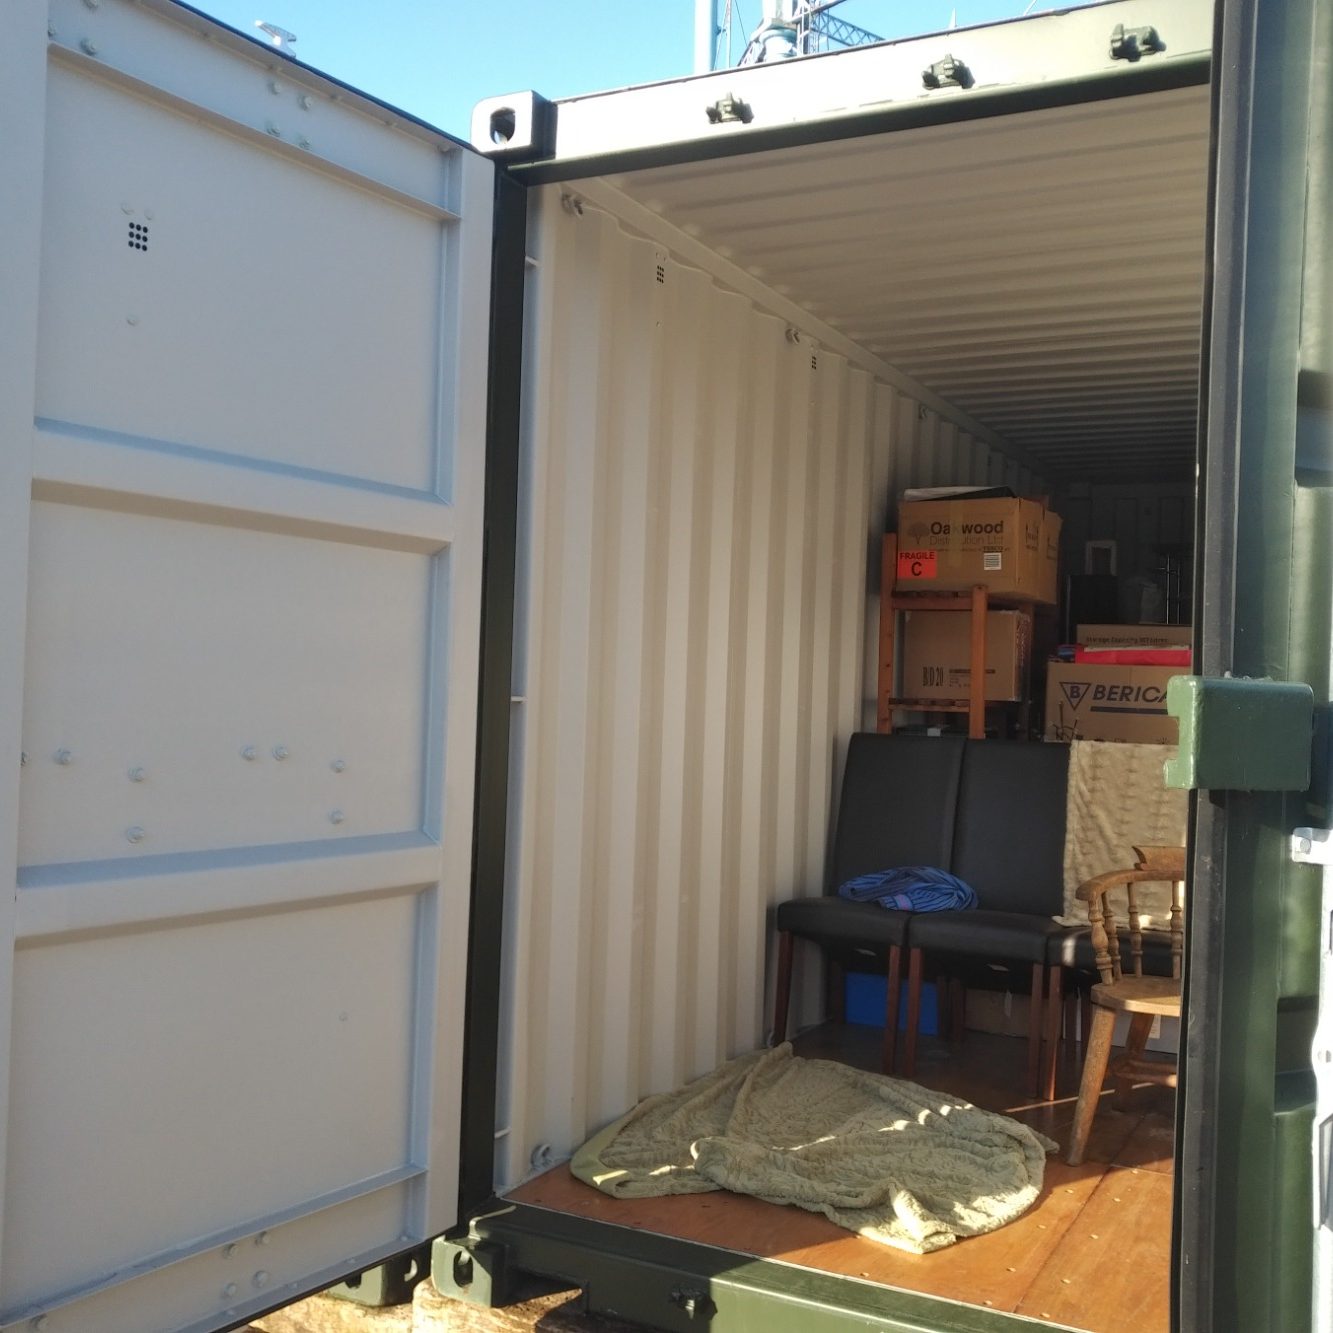 a shipping container with door open showing boxes and furniture
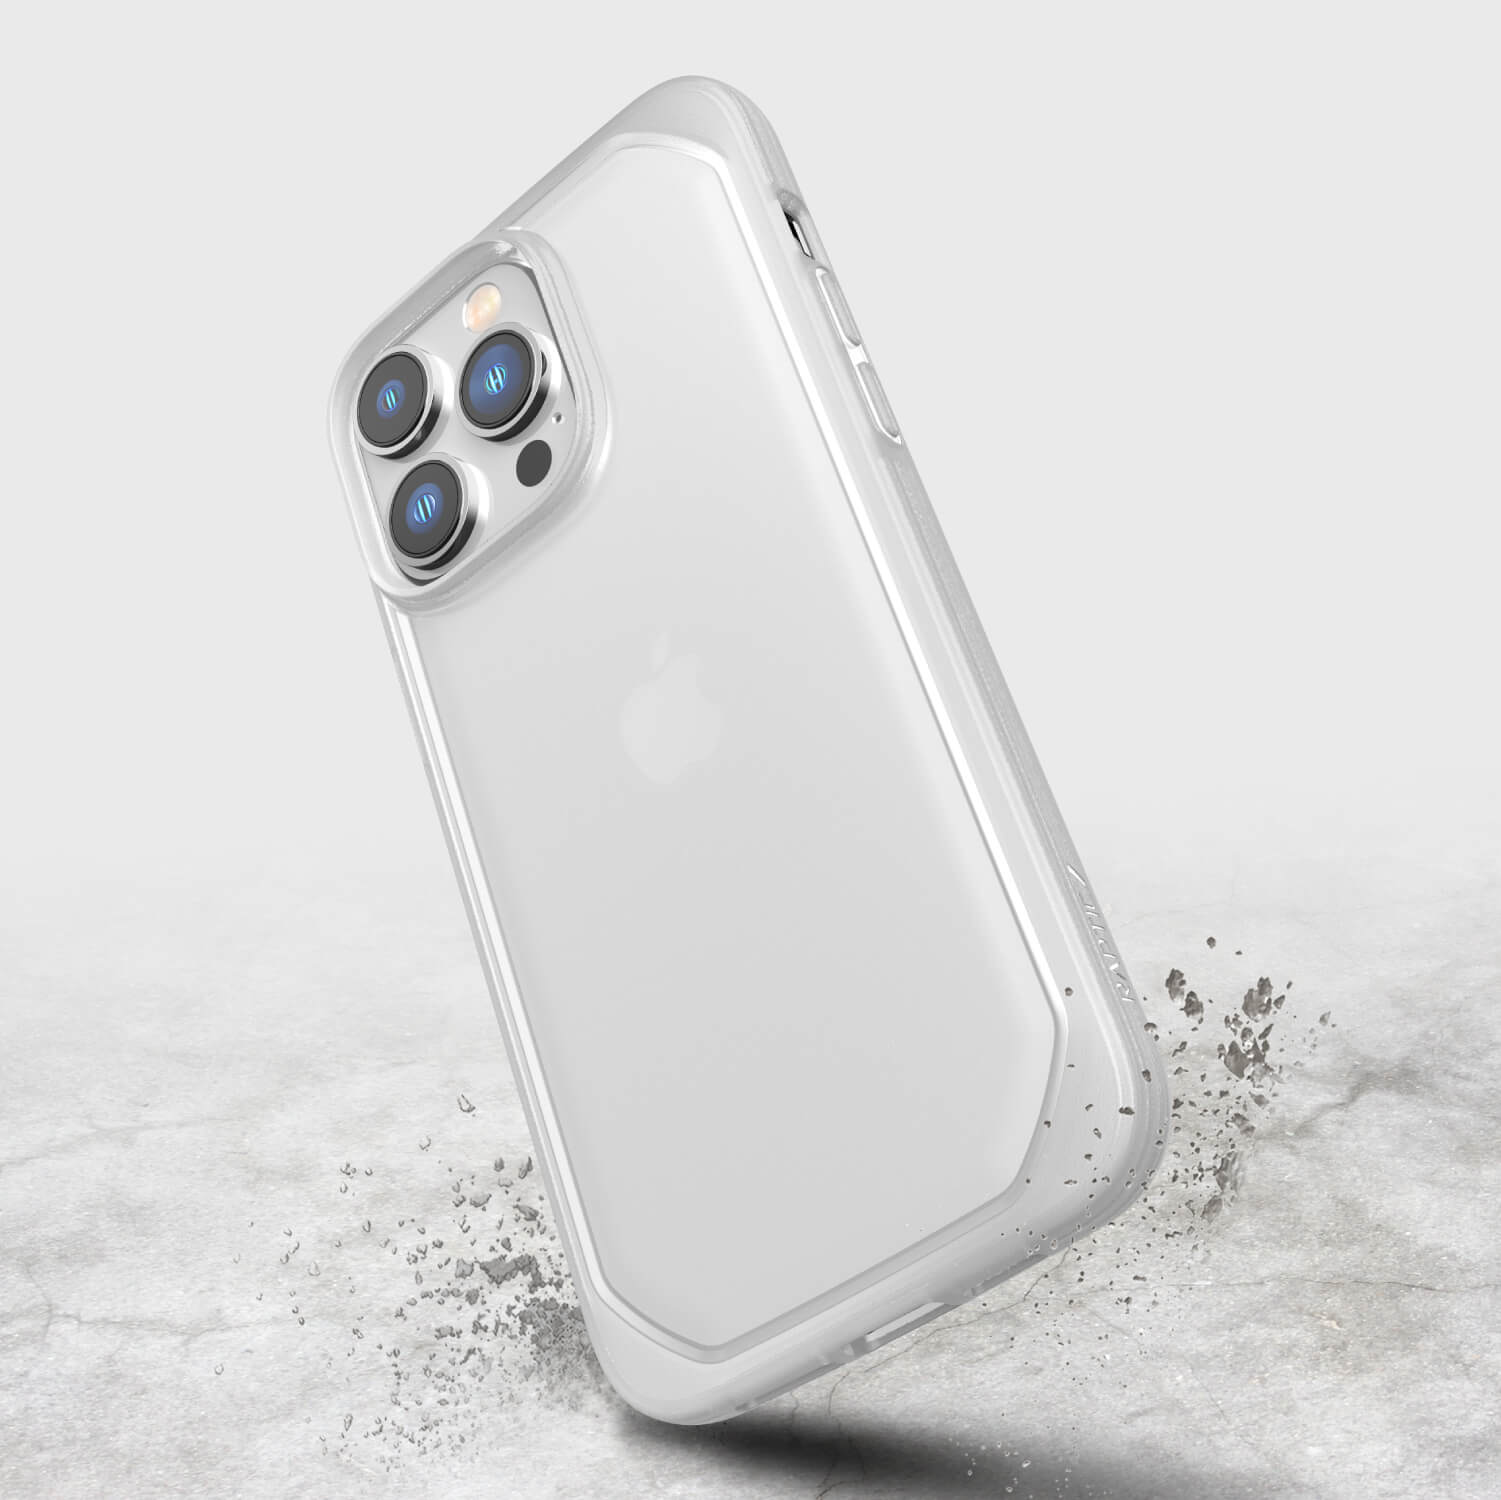 A Raptic Slim & Sleek case for the white iPhone 11 with a splash of water, achieving a texturing depth.
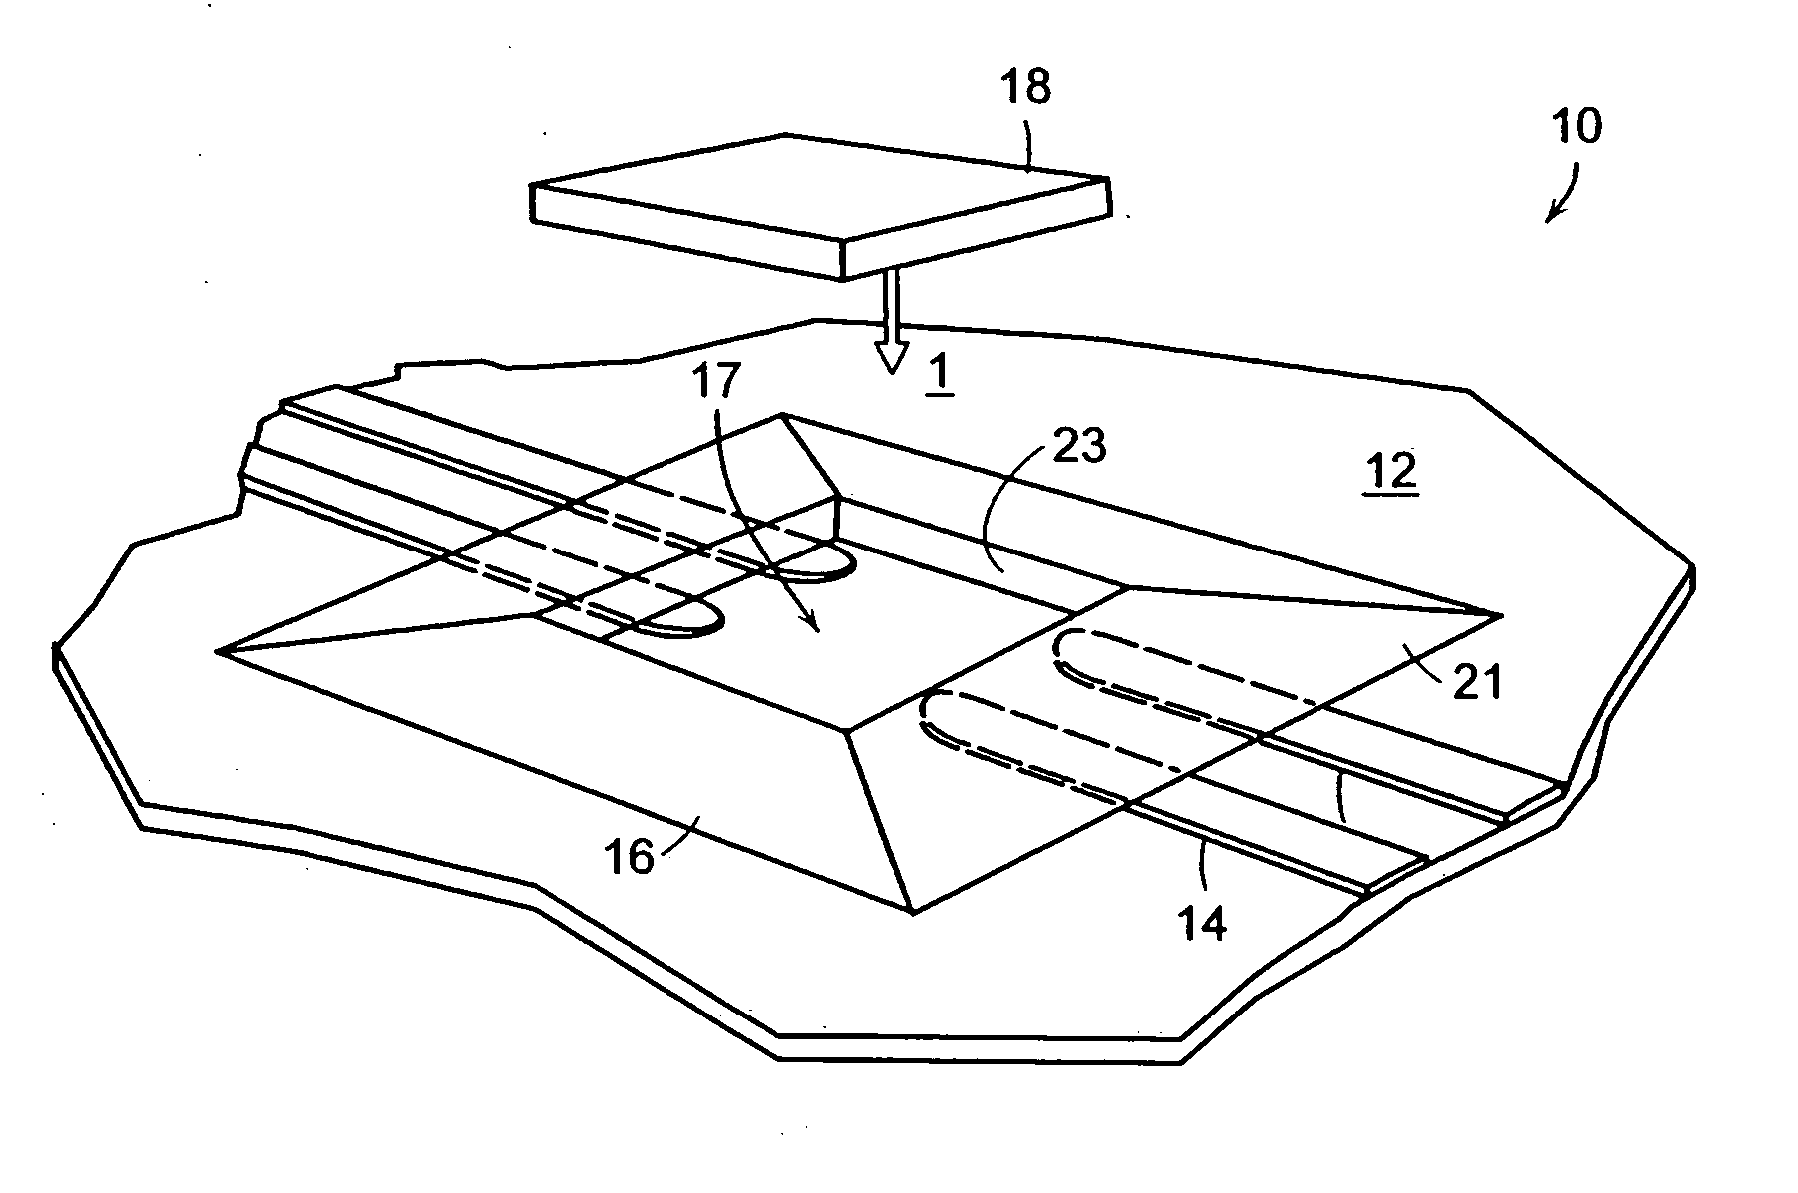 Semiconductor die positioning system and a method of bonding a semiconductor die to a substrate
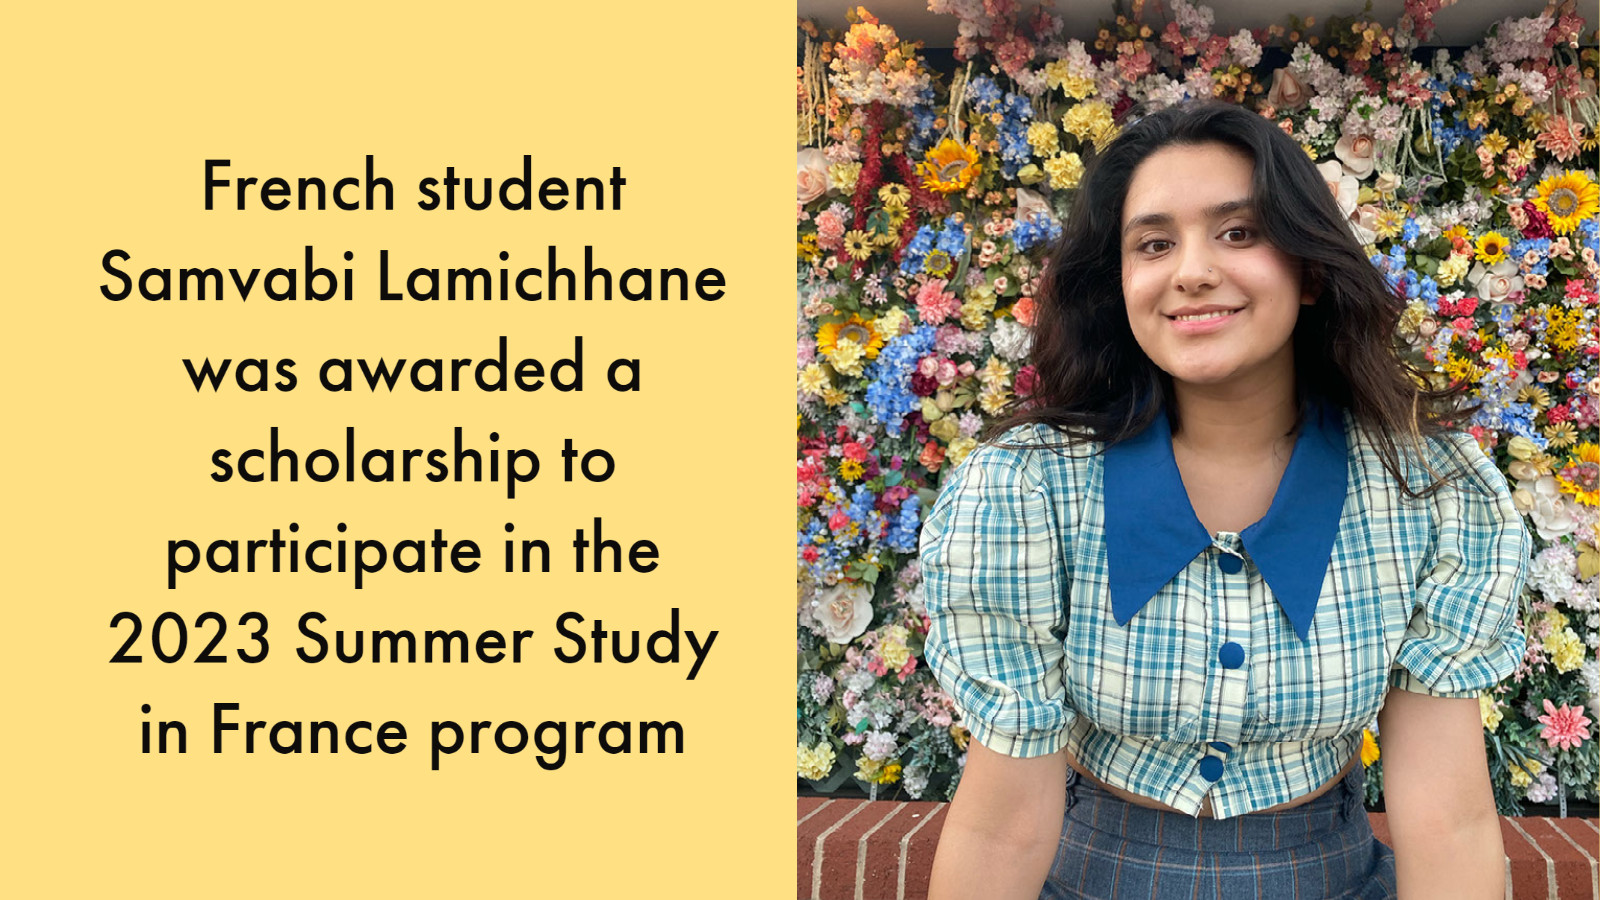 woman in front of wall of flowers, text: French student Samvabi Lamichhane was awarded a diversity scholarship to participate in the 2023 Summer Study in France program
-------------------------
EXERCISE DETAILS
An exact transcription of the listing is required, and it must contain no pictures.

WRITTEN ANSWER
 a shipping container with door open showing boxes and furniture
 A Raptic Slim & Sleek case for the white iPhone 11 with a splash of water, achieving a texturing depth.
 Semiconductor die positioning system and a method of bonding a semiconductor die to a substrate
 woman in front of wall of flowers, text: French student Samvabi Lamichhane was awarded a diversity scholarship to participate in the 2023 Summer Study in France program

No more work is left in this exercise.